**Supplied material:**
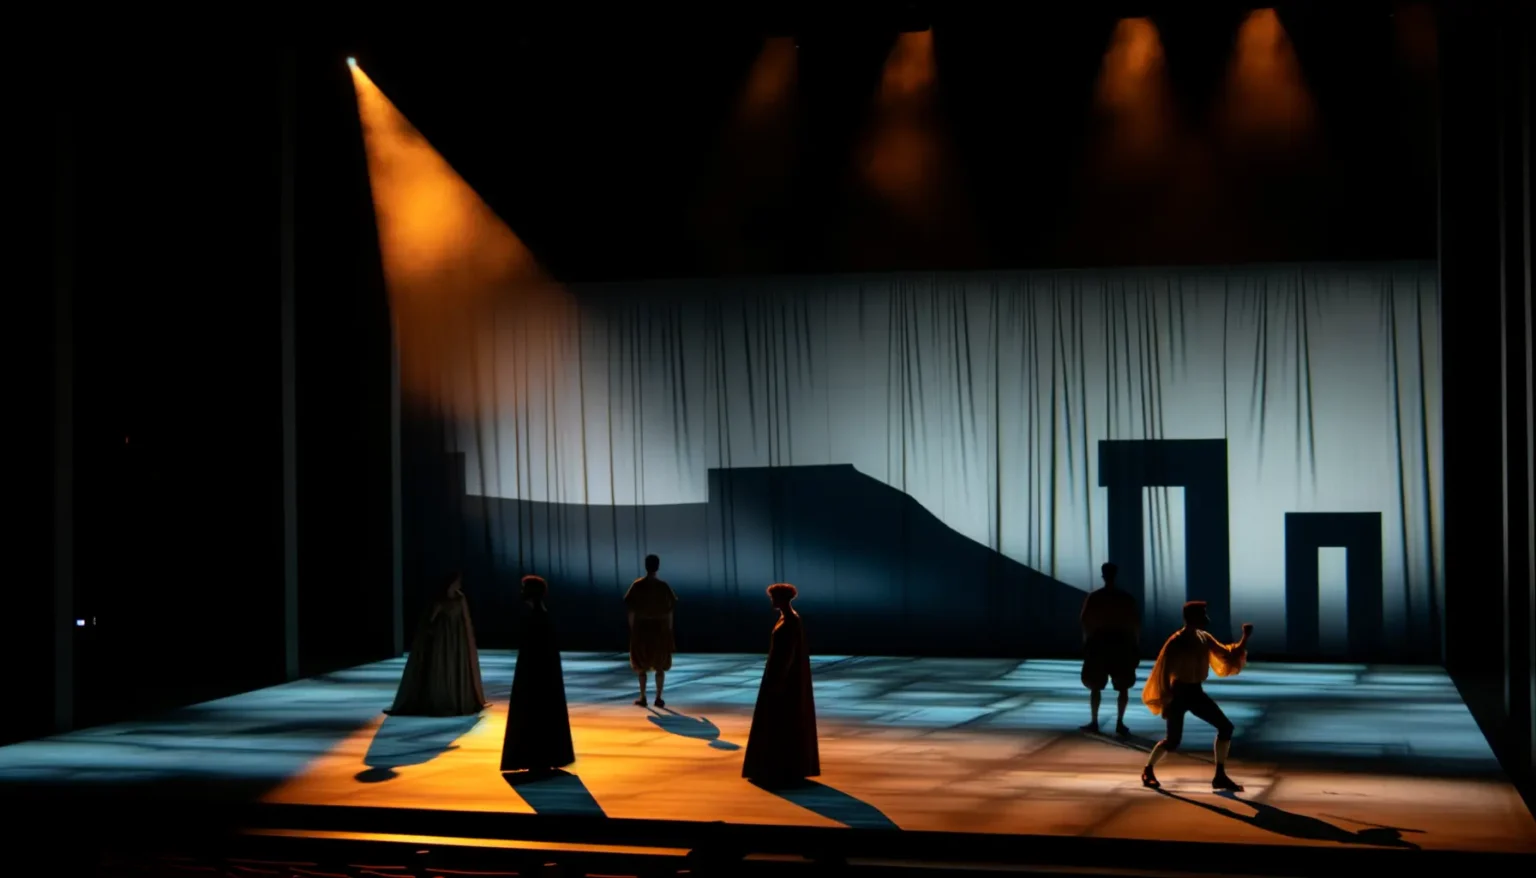 Fünf Schauspieler auf einer Theaterbühne beleuchtet von dramatischem Spotlicht, was lange Schatten auf dem Boden wirft, vor einem abstrakten Bühnenhintergrund, der einfache geometrische Formen und Linien zeigt.
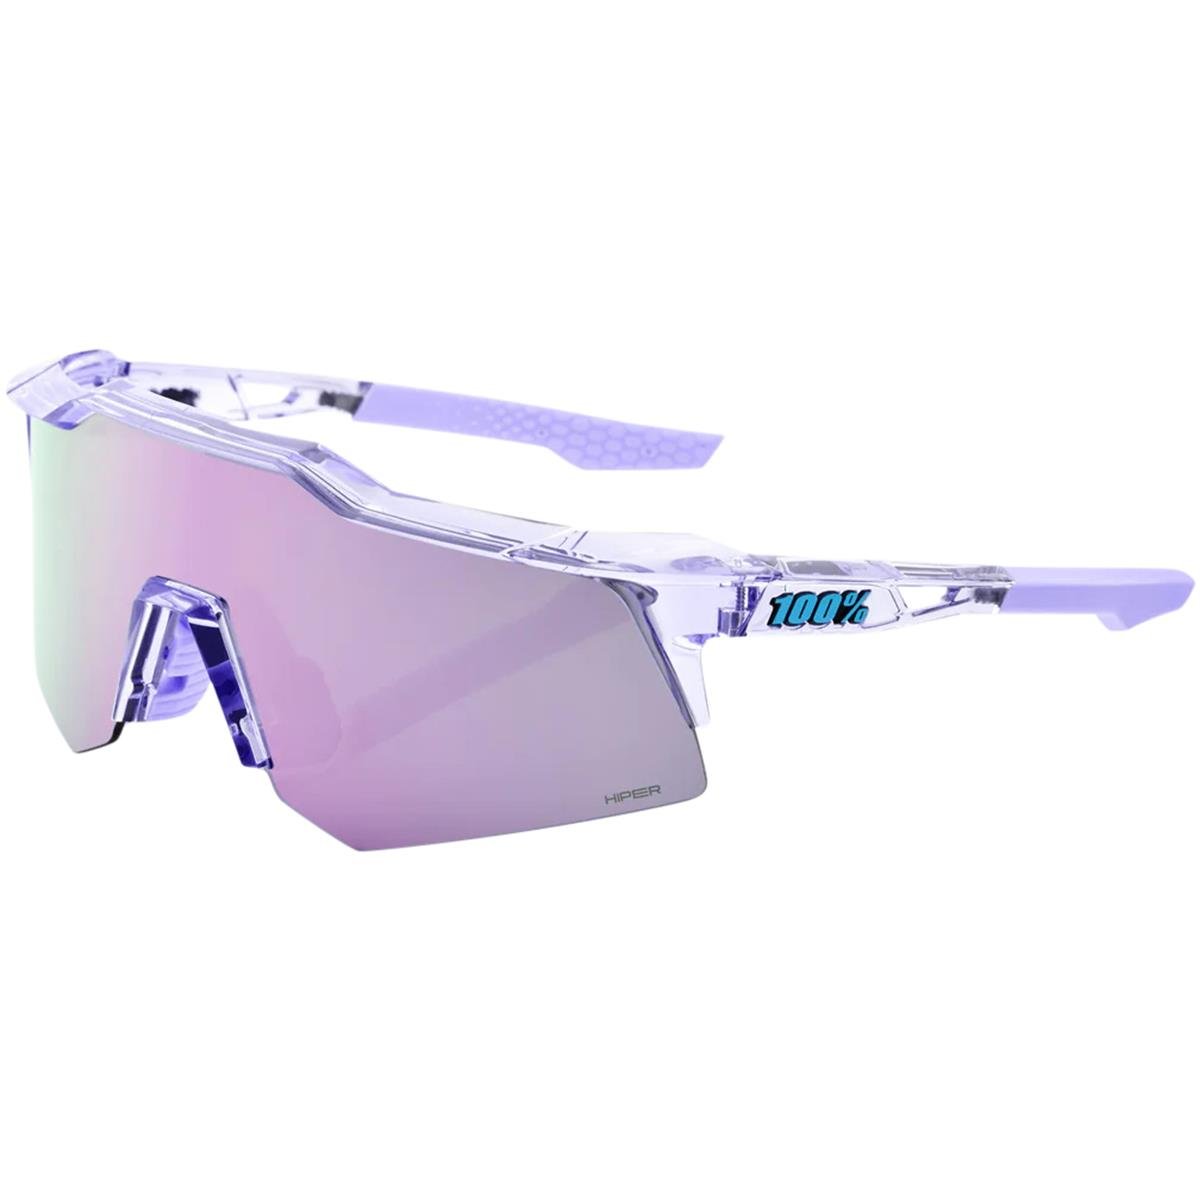 100% MTB Sport Glasses Speedcraft XS Polished Translucent Lavender - HiPER Lavender Mirror Lens
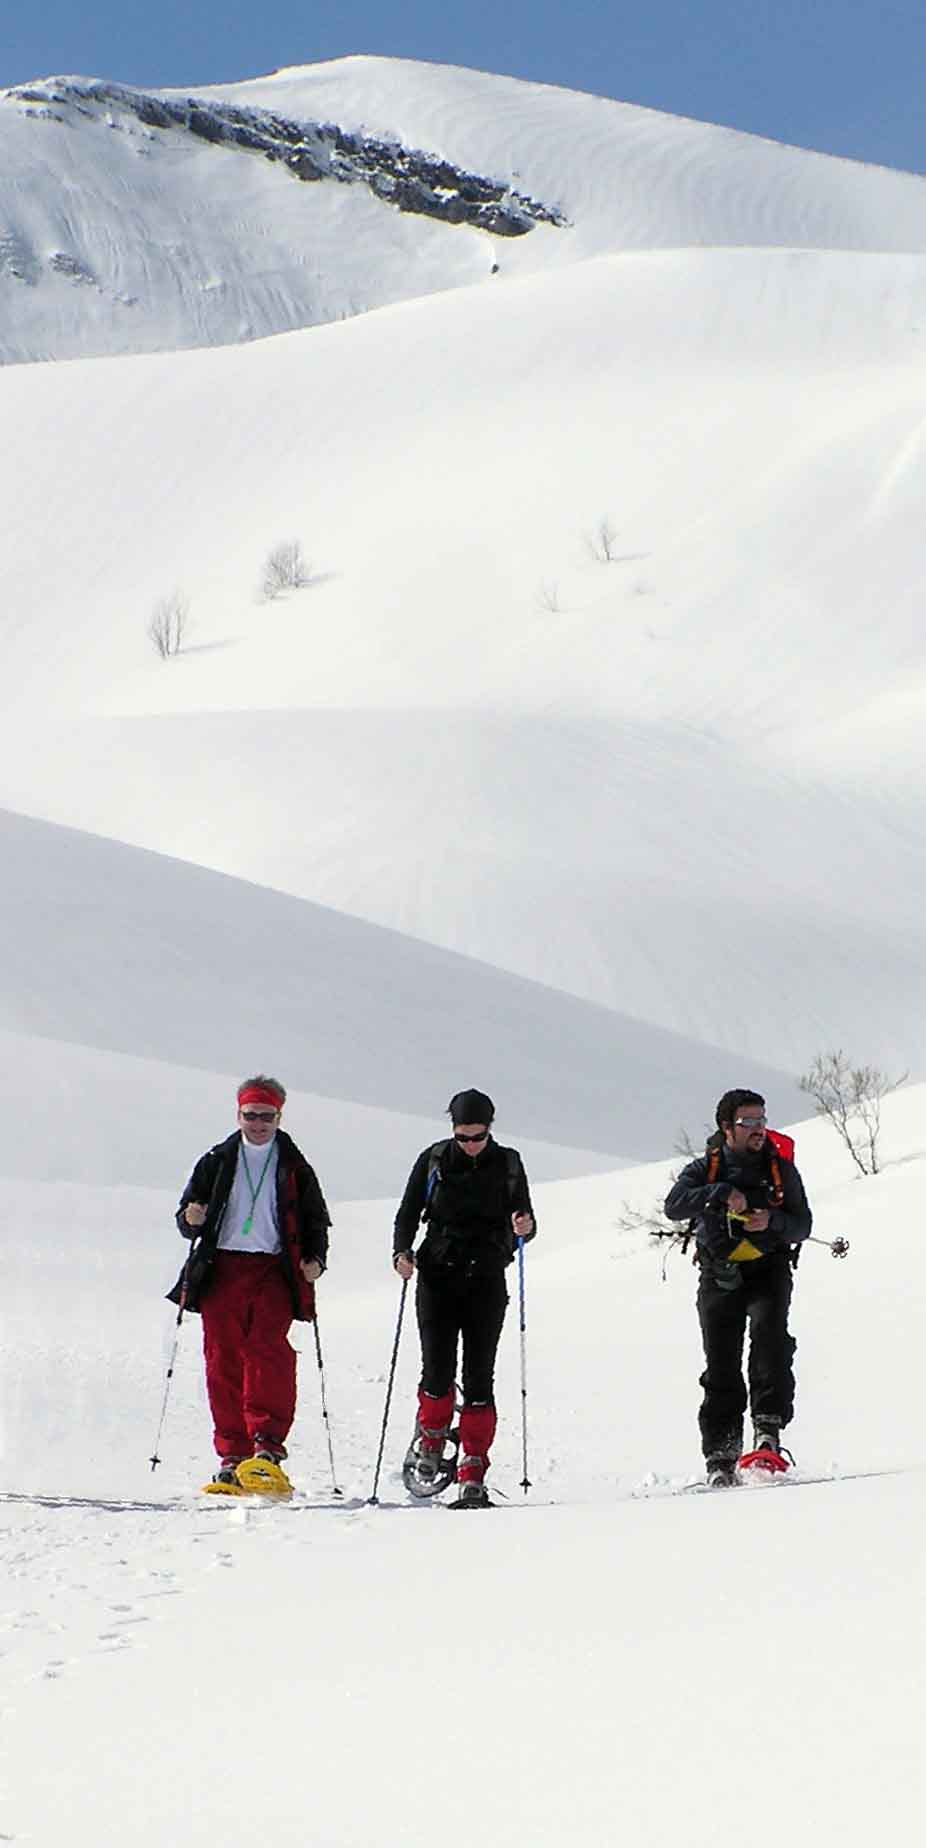 Ruta con raquetas de nieve por la montaña Leonesa, España - Hommter
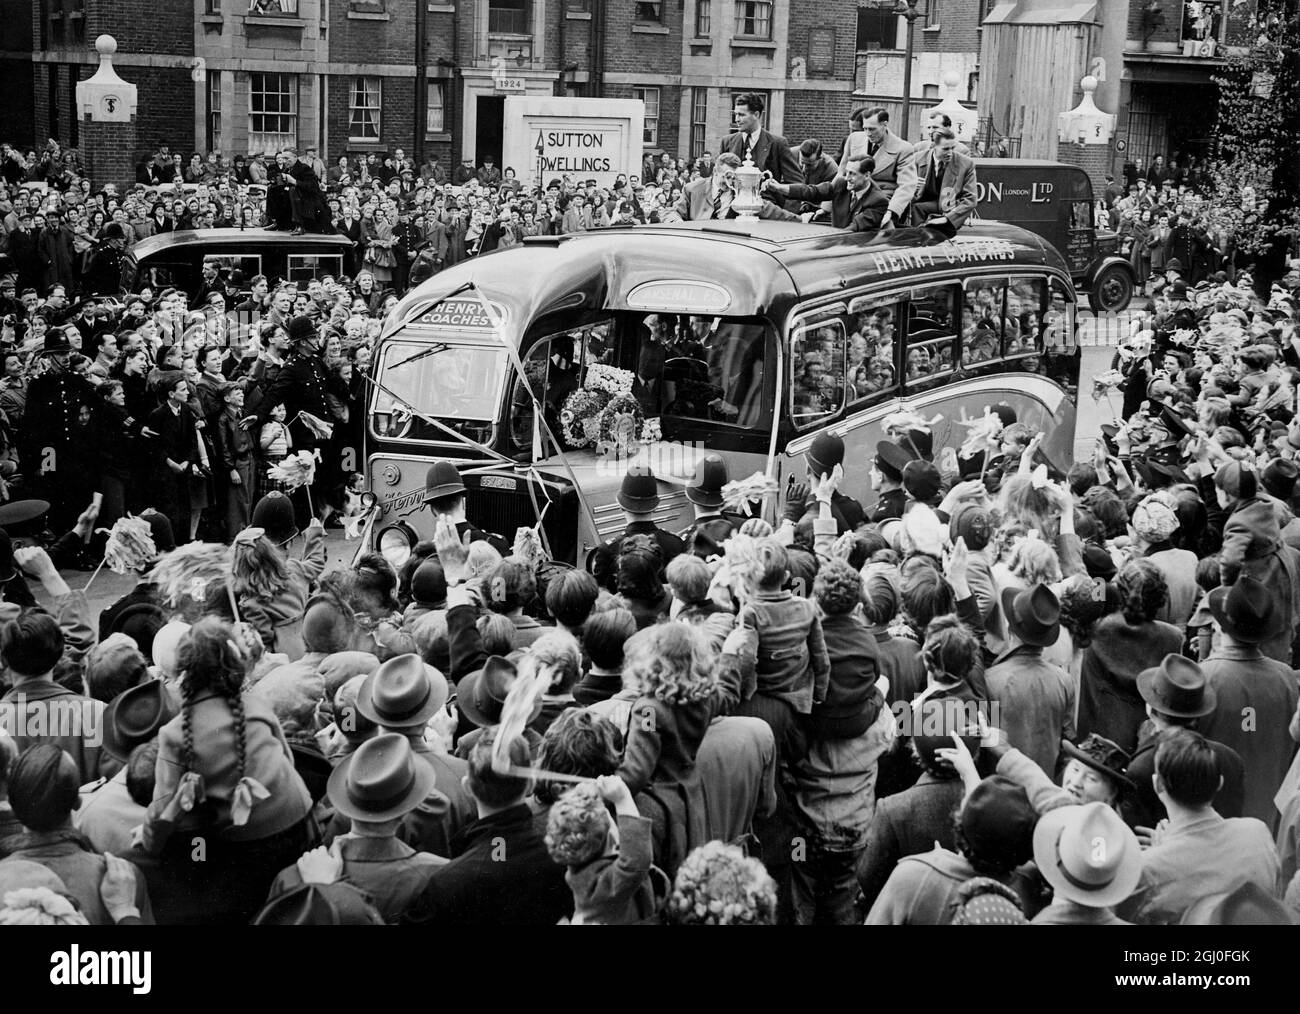 Das Arsenal Football-Team, Sieger des Pokalfinales am Samstag in Wembley, wurde vom Bürgermeister und der Corporation of Islington im Rathaus empfangen. Das Bild zeigt den Reisebus mit Teammitgliedern und Kapitän Joe Mercer, der den Pokal hält, auf seinem Weg durch die jubelnden Massen zum Rathaus. Mai 1950 Stockfoto

**Work task:** Write the listing above out again word for word, excluding all images.

**Response:**
 Fünf Schauspieler auf einer Theaterbühne beleuchtet von dramatischem Spotlicht, was lange Schatten auf dem Boden wirft, vor einem abstrakten Bühnenhintergrund, der einfache geometrische Formen und Linien zeigt.
 100% MTB Sport Glasses Speedcraft XS Polished Translucent Lavender - HiPER Lavender Mirror Lens
 Ruta con raquetas de nieve por la montaña Leonesa, España - Hommter
 Das Arsenal Football-Team, Sieger des Pokalfinales am Samstag in Wembley, wurde vom Bürgermeister und der Corporation of Islington im Rathaus empfangen. Das Bild zeigt den Reisebus mit Teammitgliedern und Kapitän Joe Mercer, der den Pokal hält, auf seinem Weg durch die jubelnden Massen zum Rathaus. Mai 1950 Stockfoto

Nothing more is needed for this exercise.